The deviation analysis was performed by Reese. By deviating different inputs, he found several potential hazards in the model. For example, he wanted to determine what effect a too-high measured speed would have on the commanded flight path angle (recall that the measured speed is the speed of the aircraft as determined by the sensors, and the commanded flight path angle is one of the guidance system outputs| see Figure 1). Using the deviation analysis tool, he deviated the measured speed "high" and marked the function that computes the commanded flight path angle. The deviation analysis tool initially produced five scenarios. Each scenario showed that deviating the measured speed alone would not cause a deviation in the commanded flight path angle. However, they also indicated that the initial deviation, coupled with one or more other deviations in the input, would cause the commanded flight path angle to be incorrect.

In performing the deviation analysis, Reese was limited by his unfamiliarity with the guidance system model. He was initially unable to determine which states or functions to mark as important items to analyze when deviating a particular input. Only after understanding the model in detail was he able to interpret the scenarios output by his tool and use them to investigate other deviations. His experience supported our observations thus far of the importance of application knowledge in performing the analysis.

Backward Search

In backward search, the analysis starts with a hazardous state and builds trees showing the events that could lead to this state. In order to perform this analysis, we first had to come up with a list of potentially hazardous states. Using these configurations, Modugno then did a backward search, examining the results for potential hazards under expected and failure behaviors. She found the process to be labor intensive and required in-depth understanding of the model. In addition, the trees grew quickly and the presentation quickly became unwieldy. This same problem has been noted with other types of automated analysis applied to hardware models [1].

As an example, consider the hazard of the landing gear not deploying during a minimum-time approach landing. The top node of the generated tree thus represents the case in which the system is in the minimum-time landing mode and the gears are up.

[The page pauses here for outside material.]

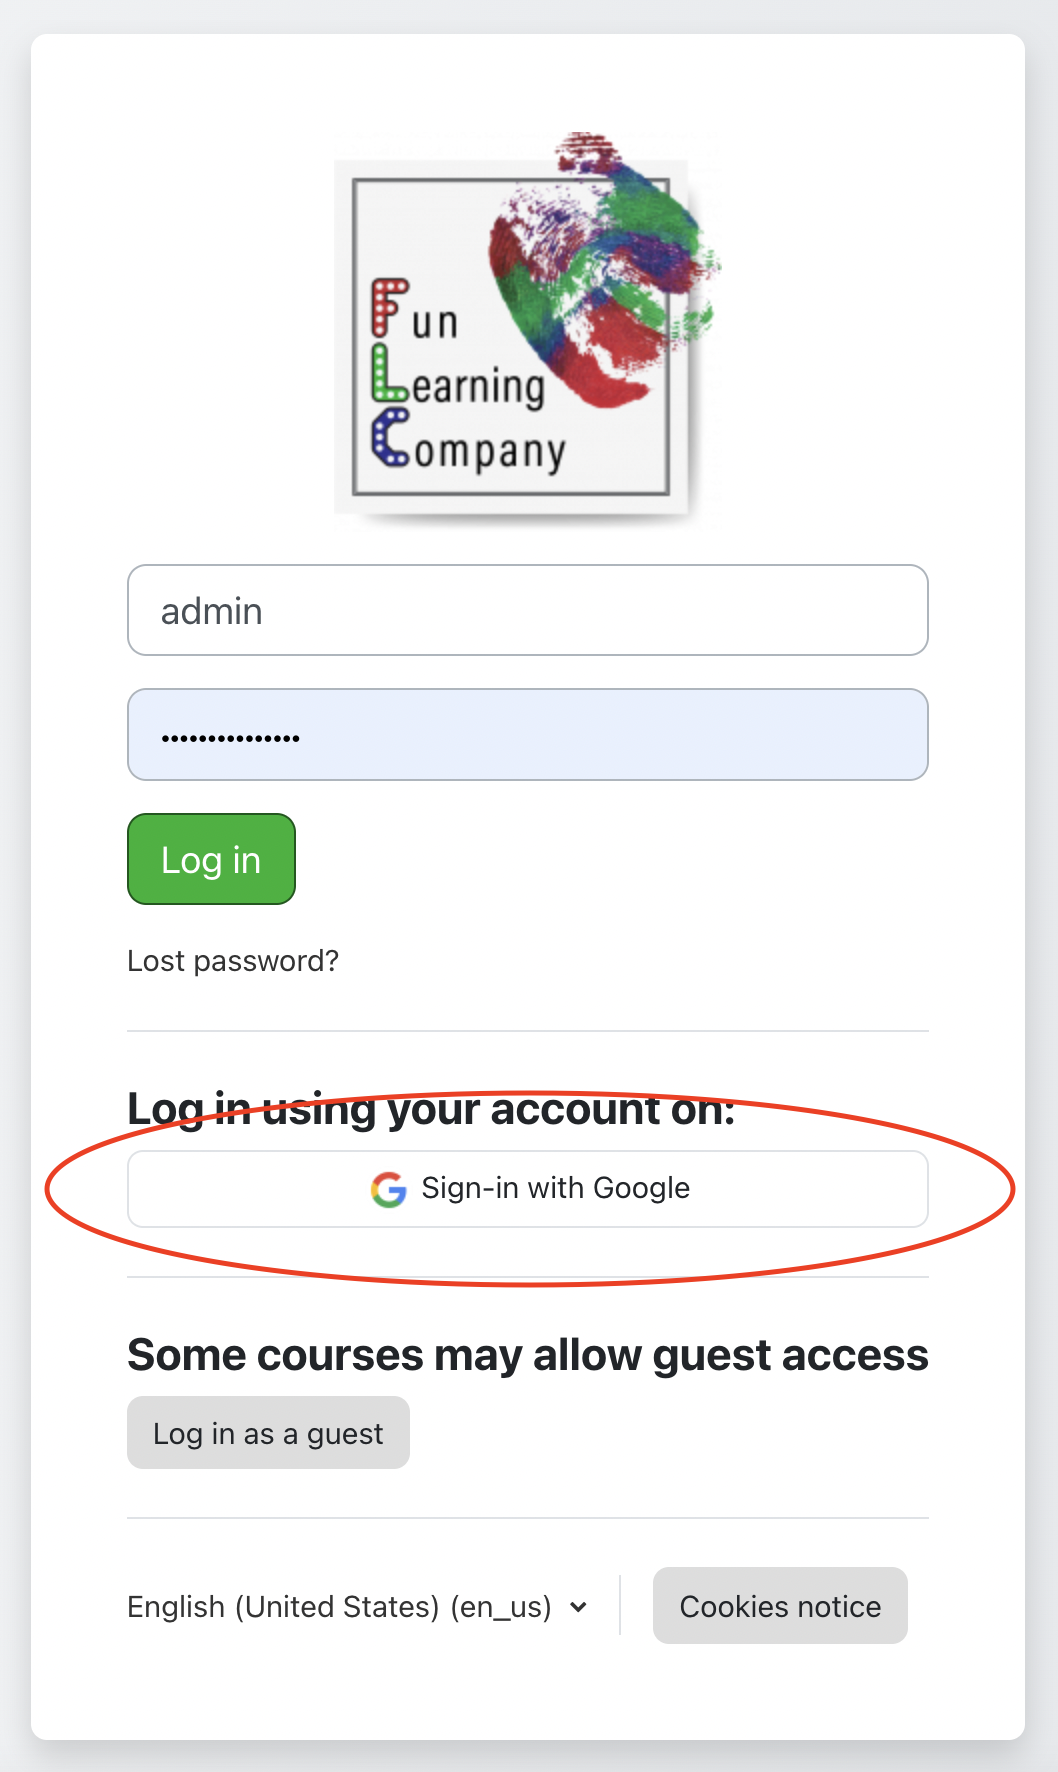 How to sign in with Google

There are two changes that can lead to this configuration|a change in the gear position from DOWN to UP or a change in the vertical mode from any other mode to minimum time. By analyzing the state transitions, we determined that the only way the gears can go from down to up is if the mode changes from minimum time to take-off/go-around. Therefore, the only way the guidance system can get into the hazardous state is when the gears are already up and the plane enters minimum-time mode. Because there were a large number of potential paths to the hazardous state, we used forward simulation to help prune the number of paths that needed to be considered.

For the guidance system to transition to minimumtime mode, the pilot must initiate a minimum-time approach by selecting the minimum-time mode button on the MCP and then entering the reference speed, reference altitude, and armed speed into the MCP within a certain time period. Figure 2 is a portion of the tree showing the partial configuration of the guidance system that gives rise to this series of events: the gears are up; the Controller's high-level vertical mode is not minimum time; and the MCP Inputs from the pilot are idle (i.e., no input is expected). The figure also shows the event and conditions under which the guidance system can transition out of this configuration. The event that triggers the transition is a guidance-mode-received-event, which indicates that the pilot has selected a new vertical guidance mode. The conditions that must be satisfied for the transitions to fire are that 1) the selected guidance mode must be minimum time, and 2) the selection must be made more than one minute before the topof-descent time. If these two conditions are met, then the guidance system will prompt the pilot to enter the reference speed, reference altitude and armed speed.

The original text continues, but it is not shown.